DATASET SECTION
+-------+

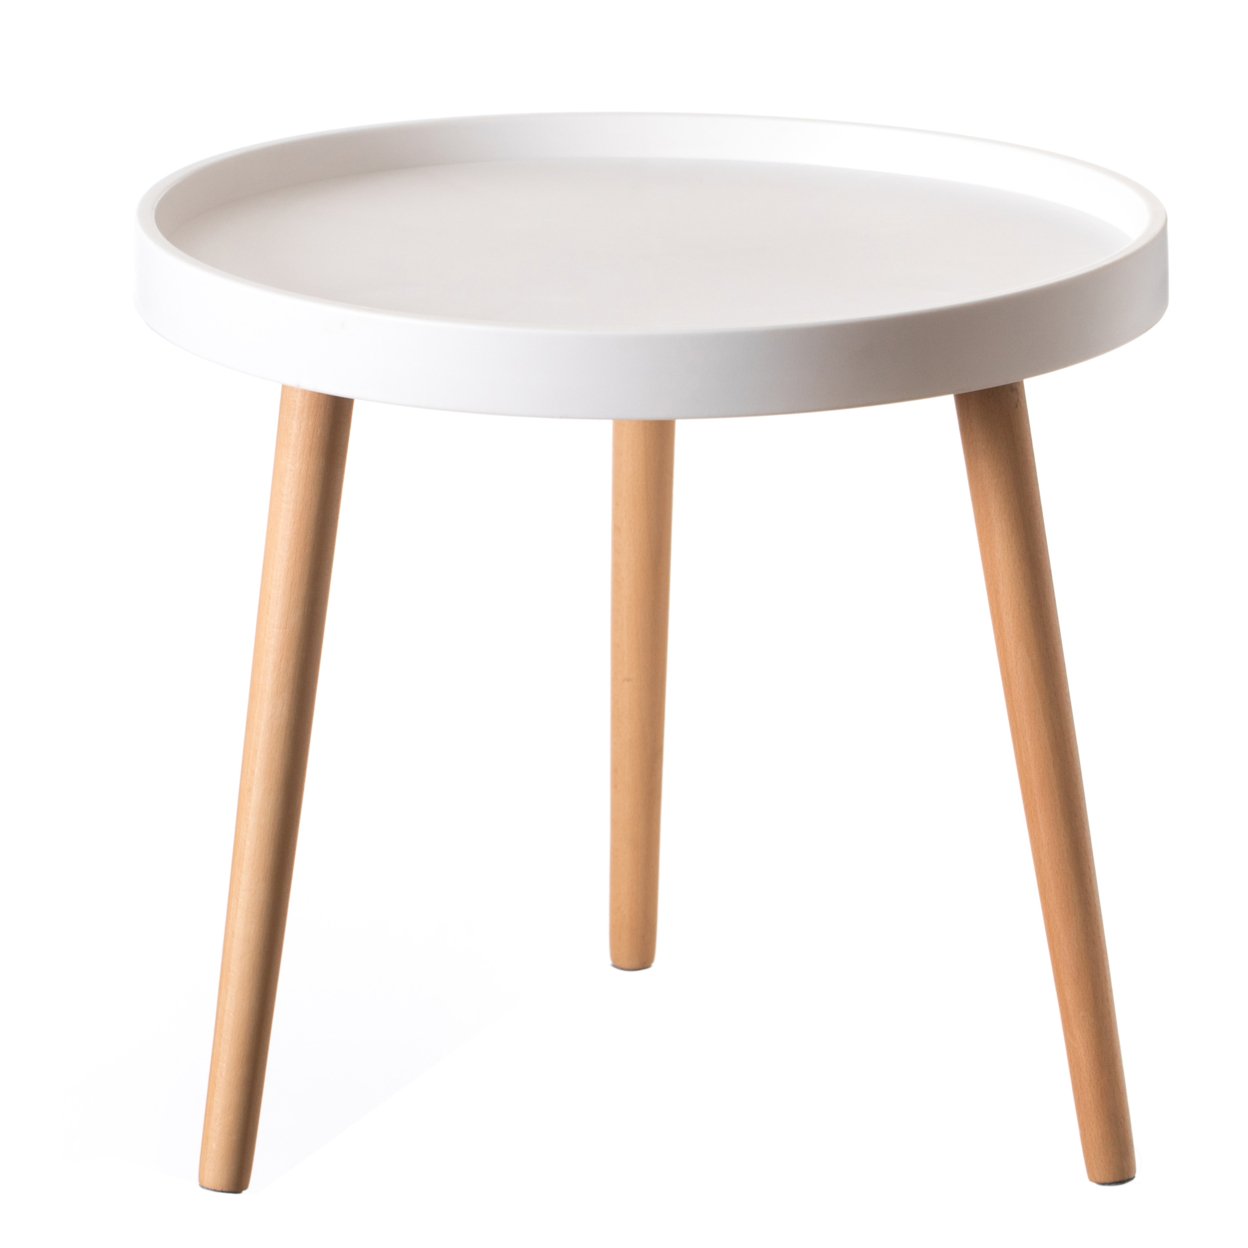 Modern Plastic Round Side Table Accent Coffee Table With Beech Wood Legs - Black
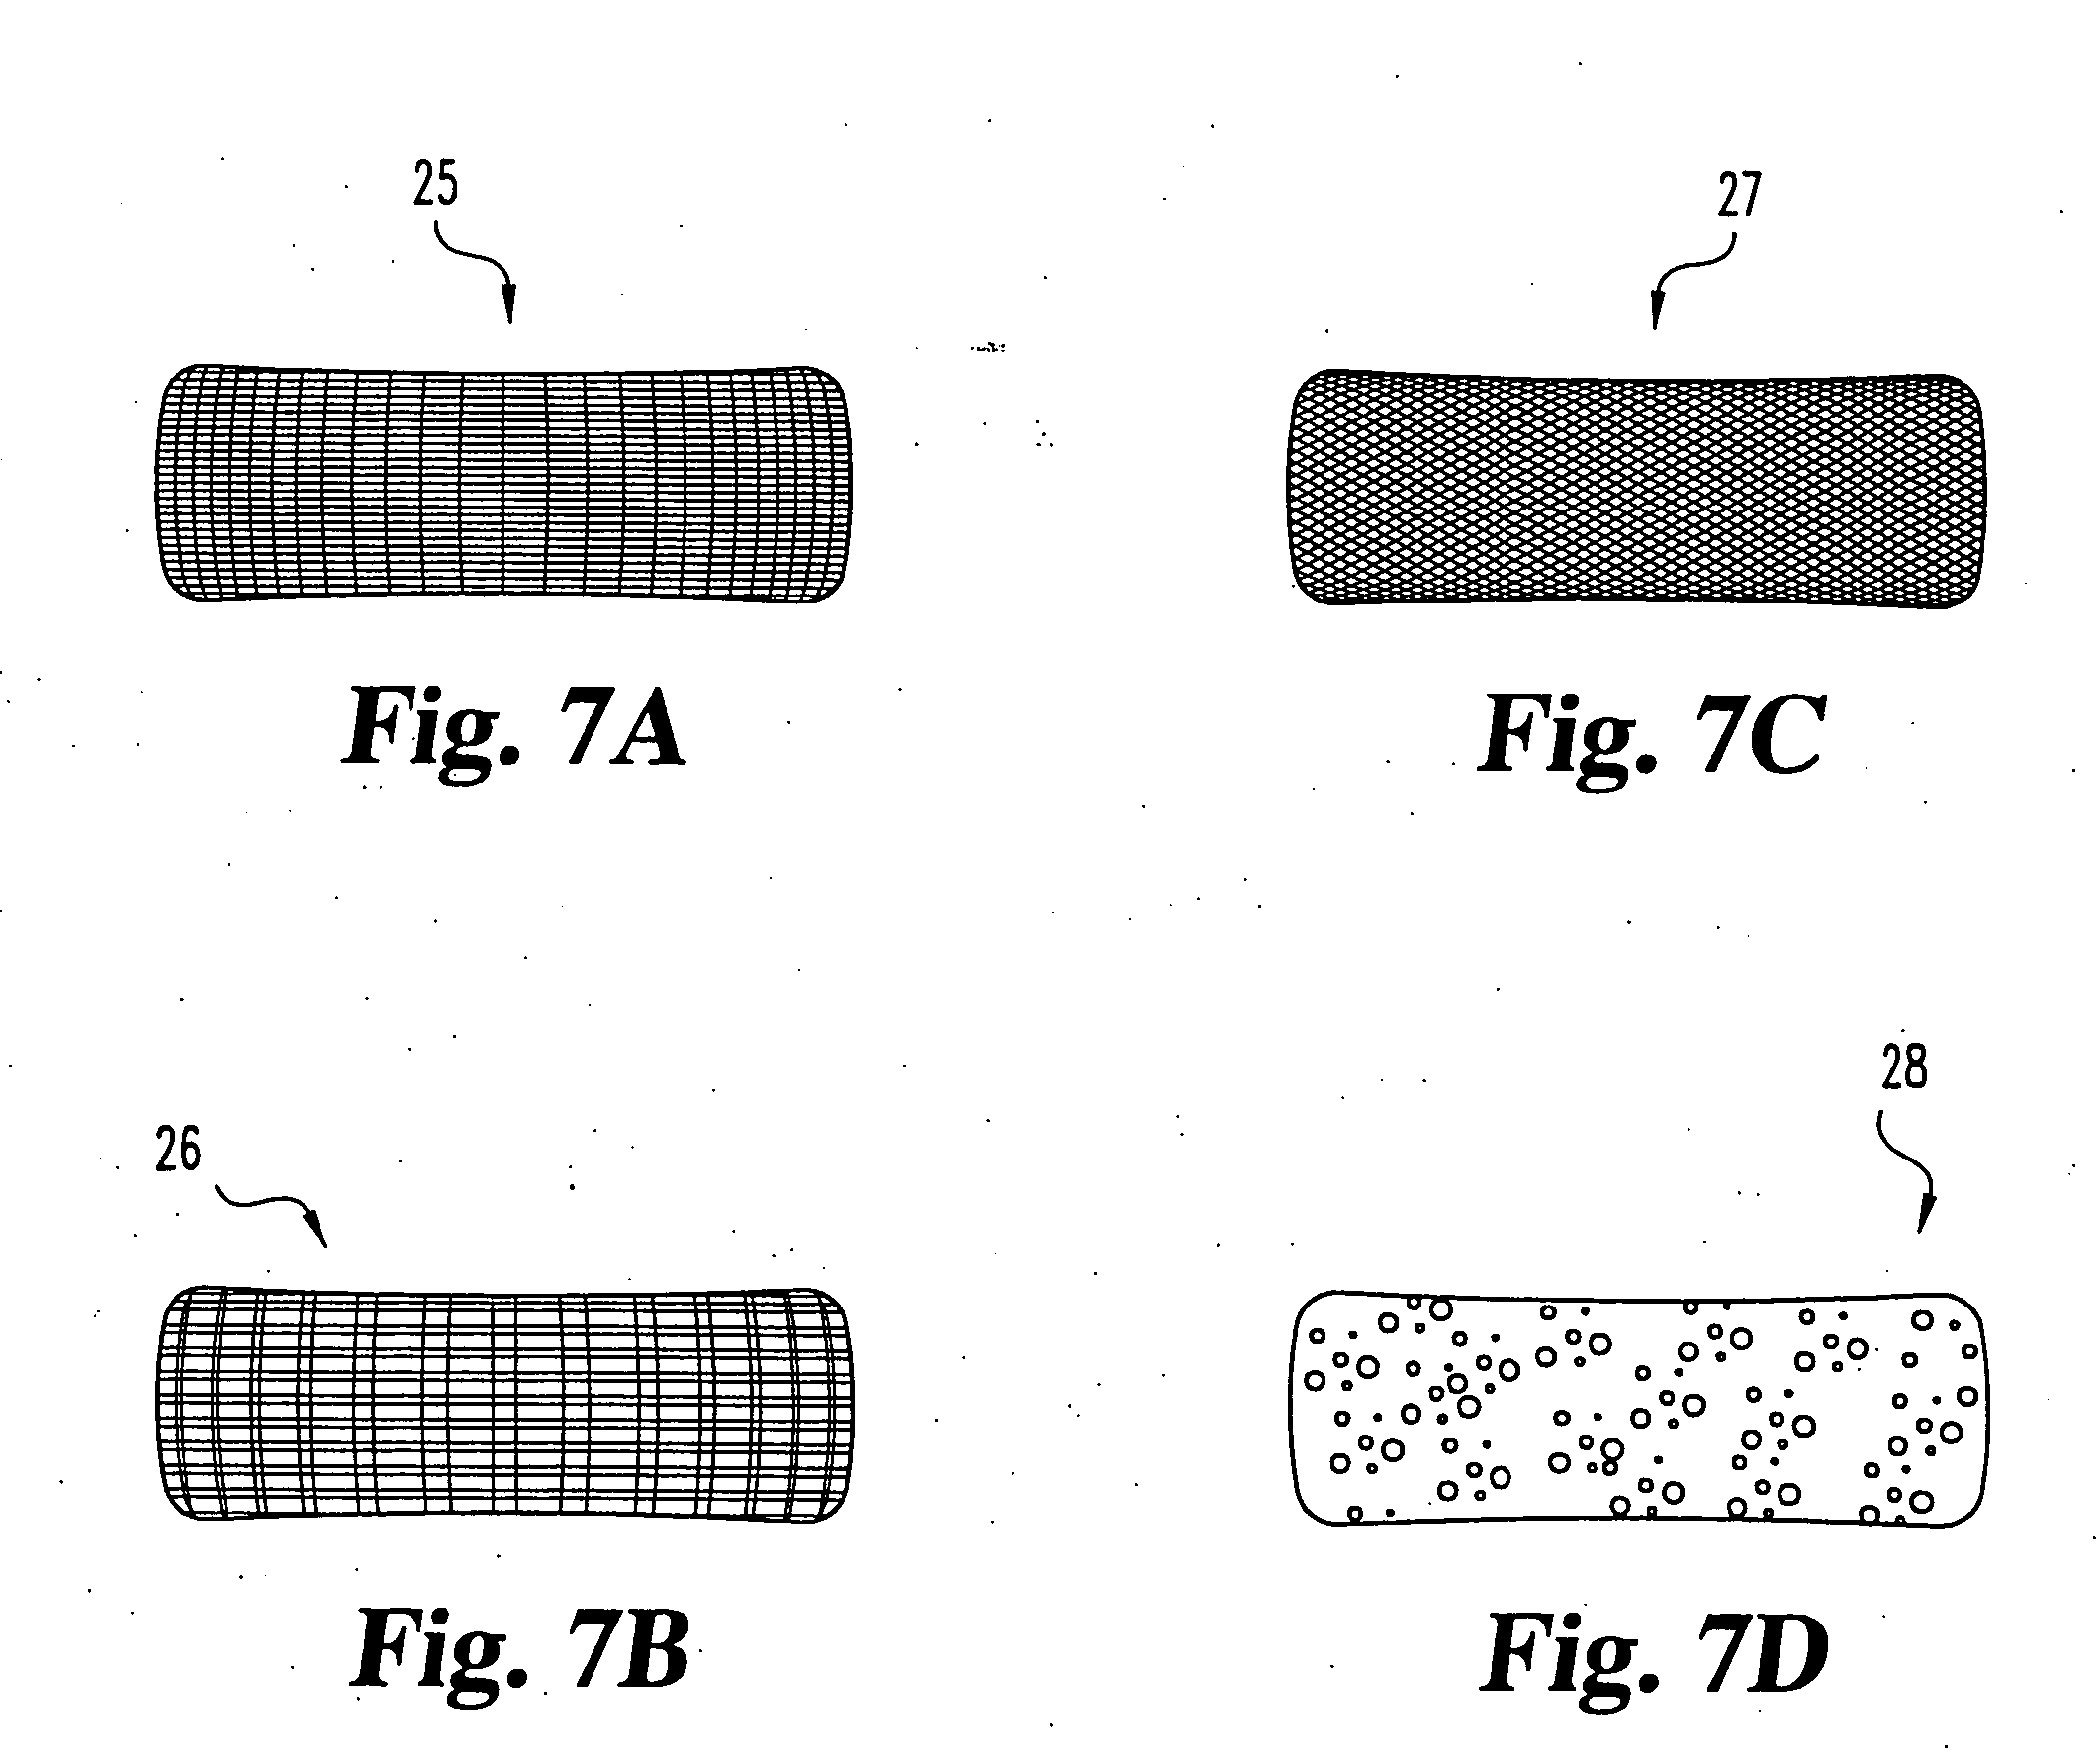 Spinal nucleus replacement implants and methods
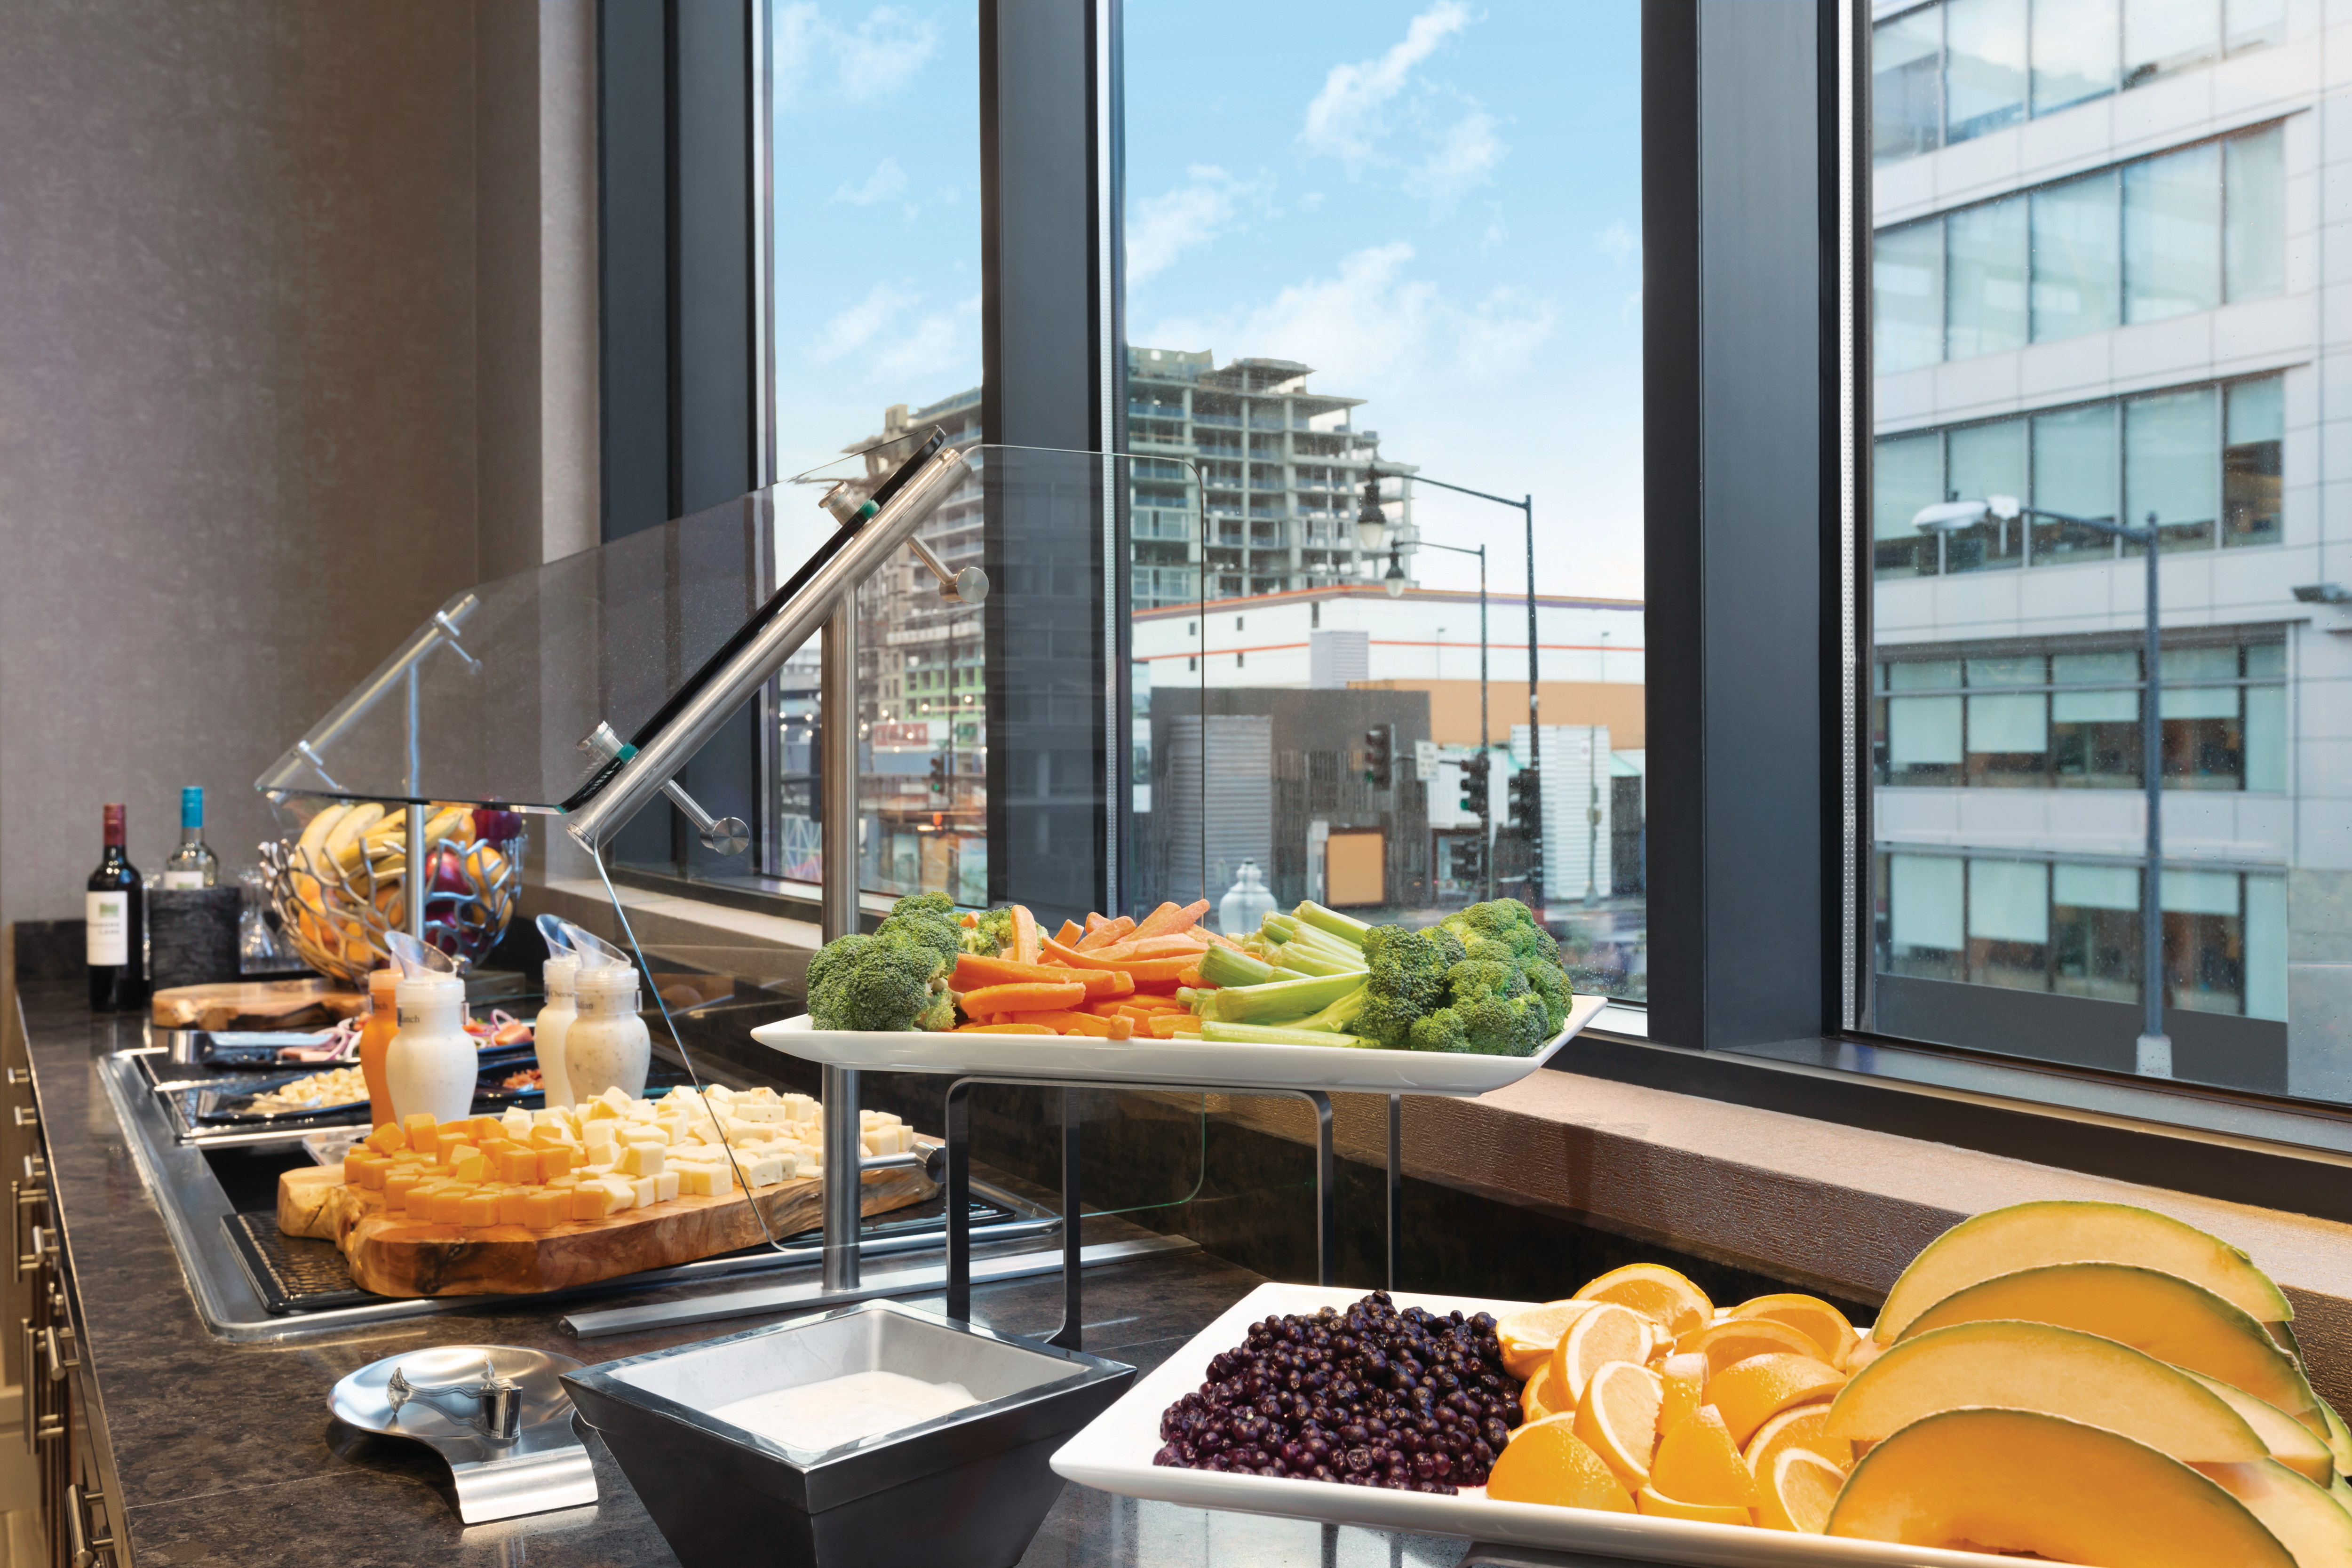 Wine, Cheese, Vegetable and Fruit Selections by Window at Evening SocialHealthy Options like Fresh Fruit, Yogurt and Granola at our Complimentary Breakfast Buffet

+-------+

Write out everything in the data word for word. Omit each picture.

ANSWER FOR THIS EXERCISE
 Modern Plastic Round Side Table Accent Coffee Table With Beech Wood Legs - Black
 Spinal nucleus replacement implants and methods
 Wine, Cheese, Vegetable and Fruit Selections by Window at Evening SocialHealthy Options like Fresh Fruit, Yogurt and Granola at our Complimentary Breakfast Buffet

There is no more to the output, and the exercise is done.